EXERCISE GOAL>
Copy out the data below as written; omit any images.

SOURCE MATERIAL>
=== Section Start ===

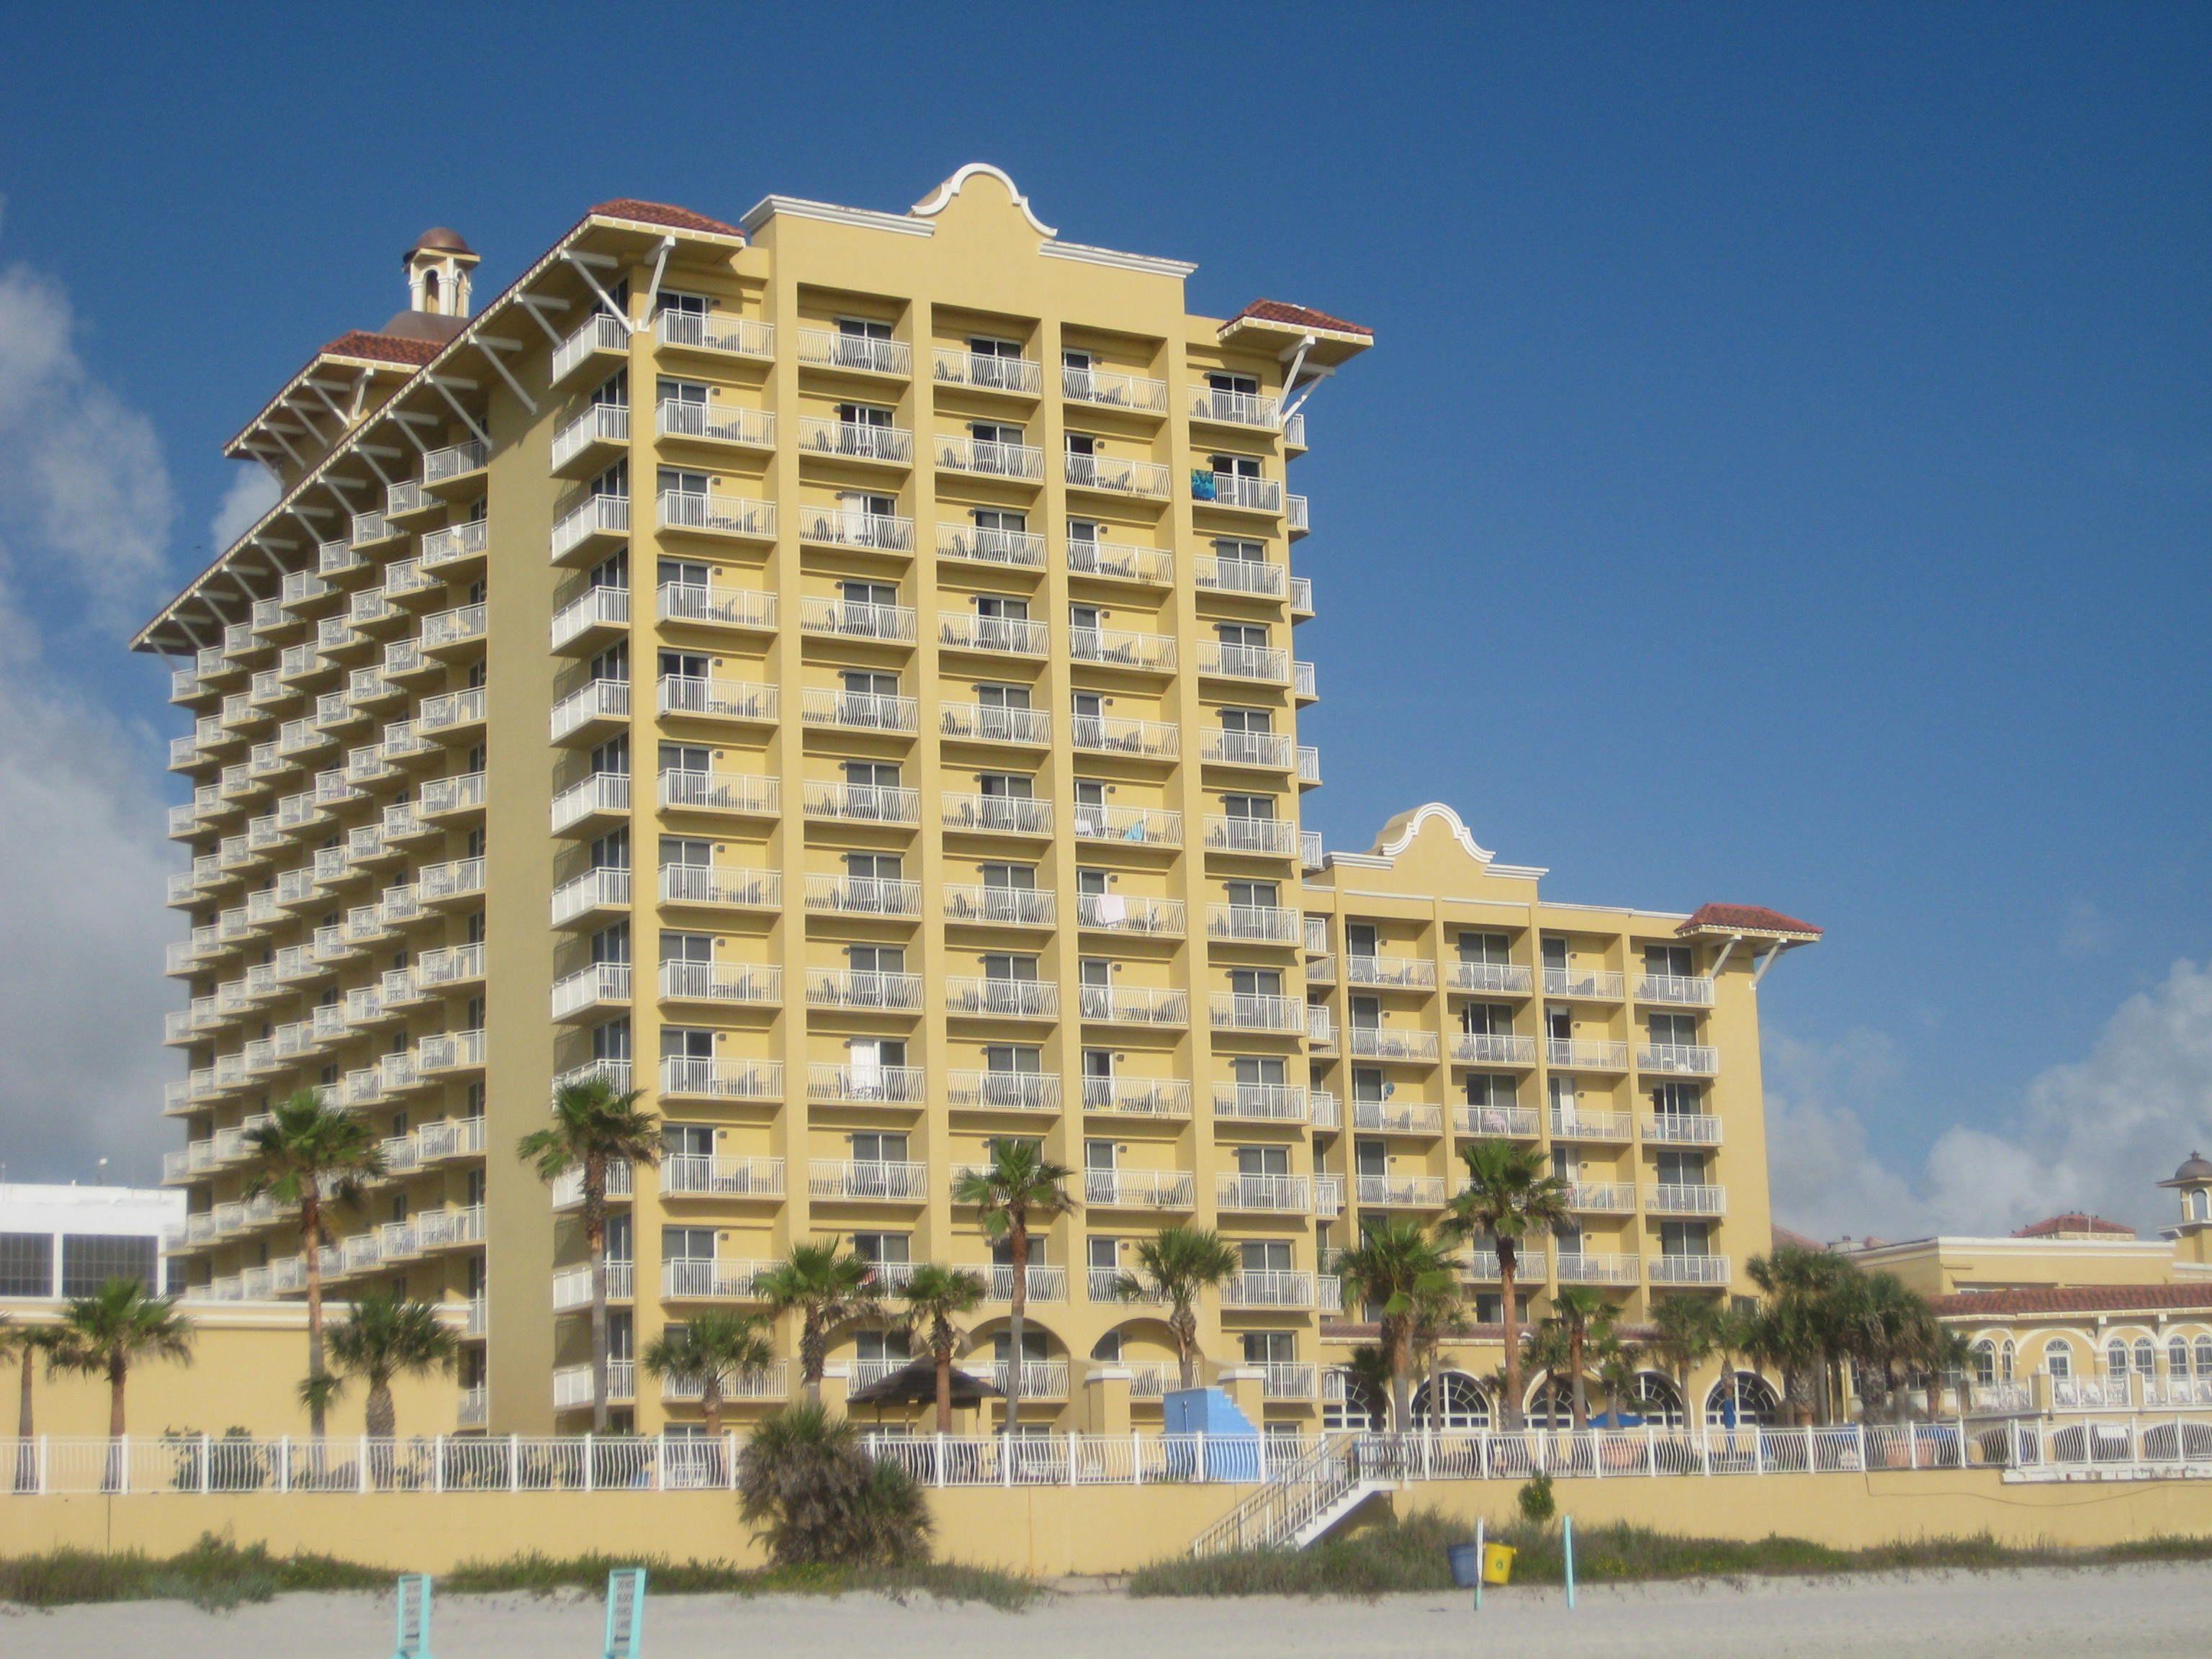 The Plaza Resort Daytona Beach
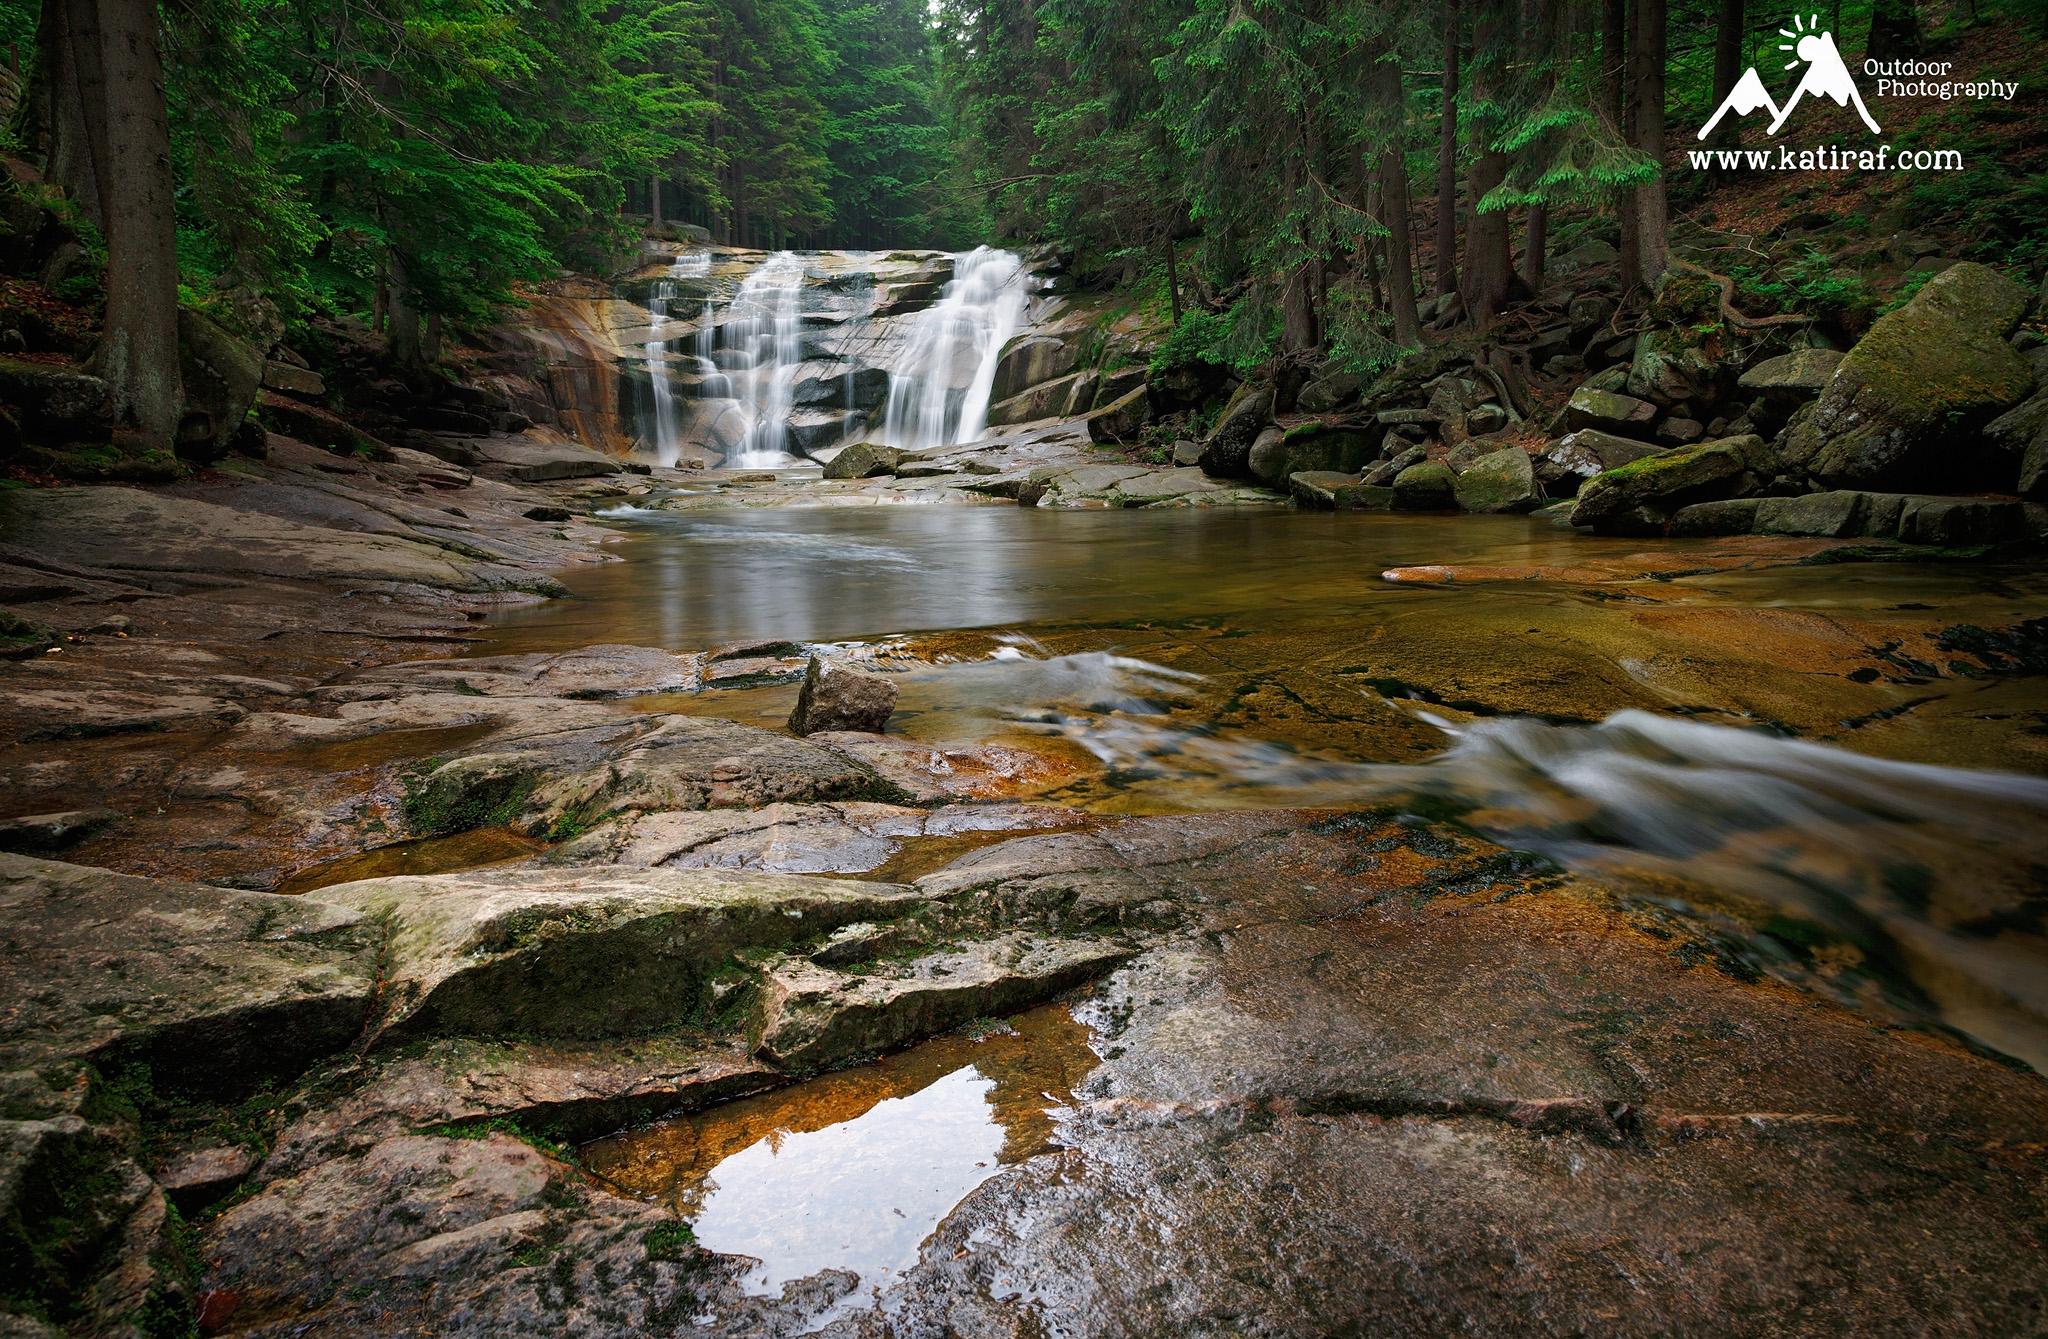 Wodospad Mumlavy, Karkonosze, Czechy www.katiraf.com
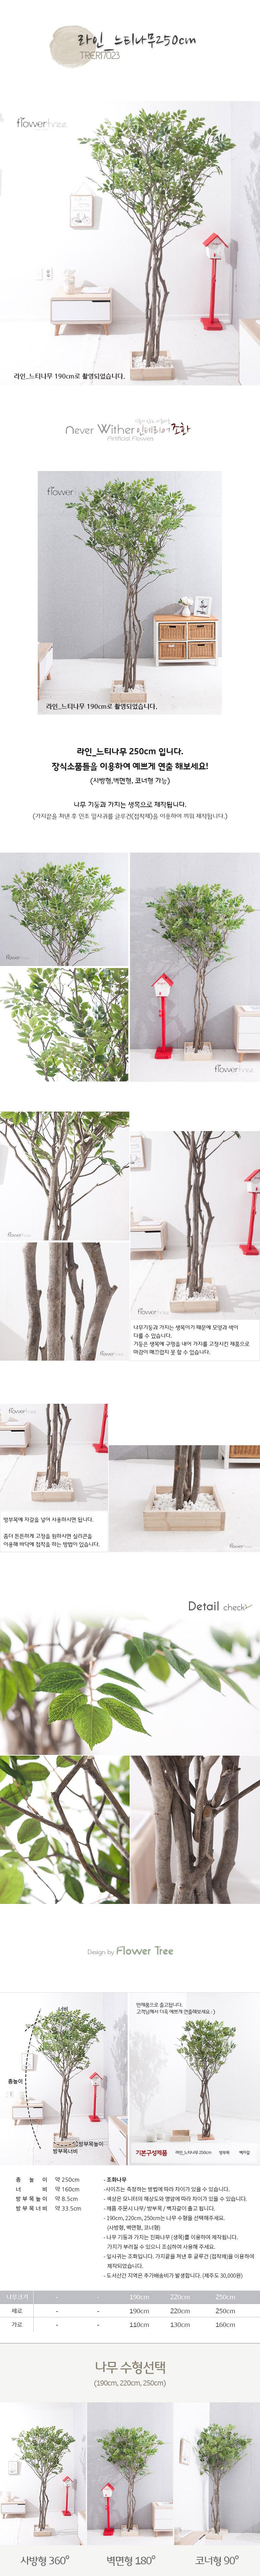 라인_느티나무 250cm FREOFT - 플라워트리, 299,000원, 조화, 카네이션(조화)
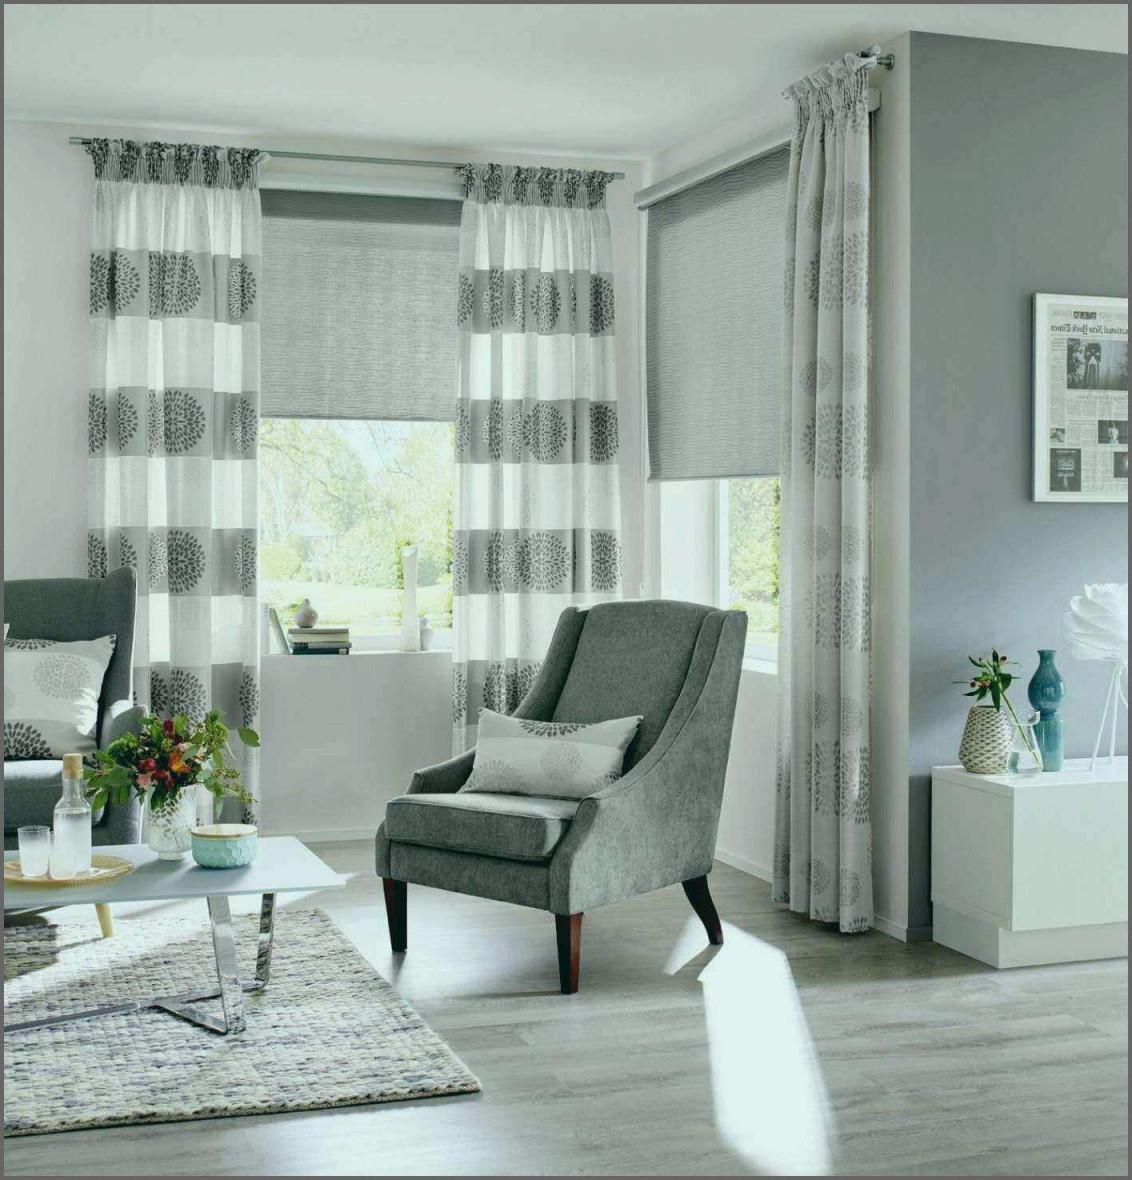 Gardinen Wohnzimmer Modern Genial 34 Exklusiv Und Natürlich von Wohnzimmer Gardinen Grau Bild

=== Section End ===

TASK SOLUTION>
 The Plaza Resort Daytona Beach
 Wodospad Mumlavy, Karkonosze, Czechy www.katiraf.com
 라인_느티나무 250cm FREOFT - 플라워트리, 299,000원, 조화, 카네이션(조화)
 Gardinen Wohnzimmer Modern Genial 34 Exklusiv Und Natürlich von Wohnzimmer Gardinen Grau Bild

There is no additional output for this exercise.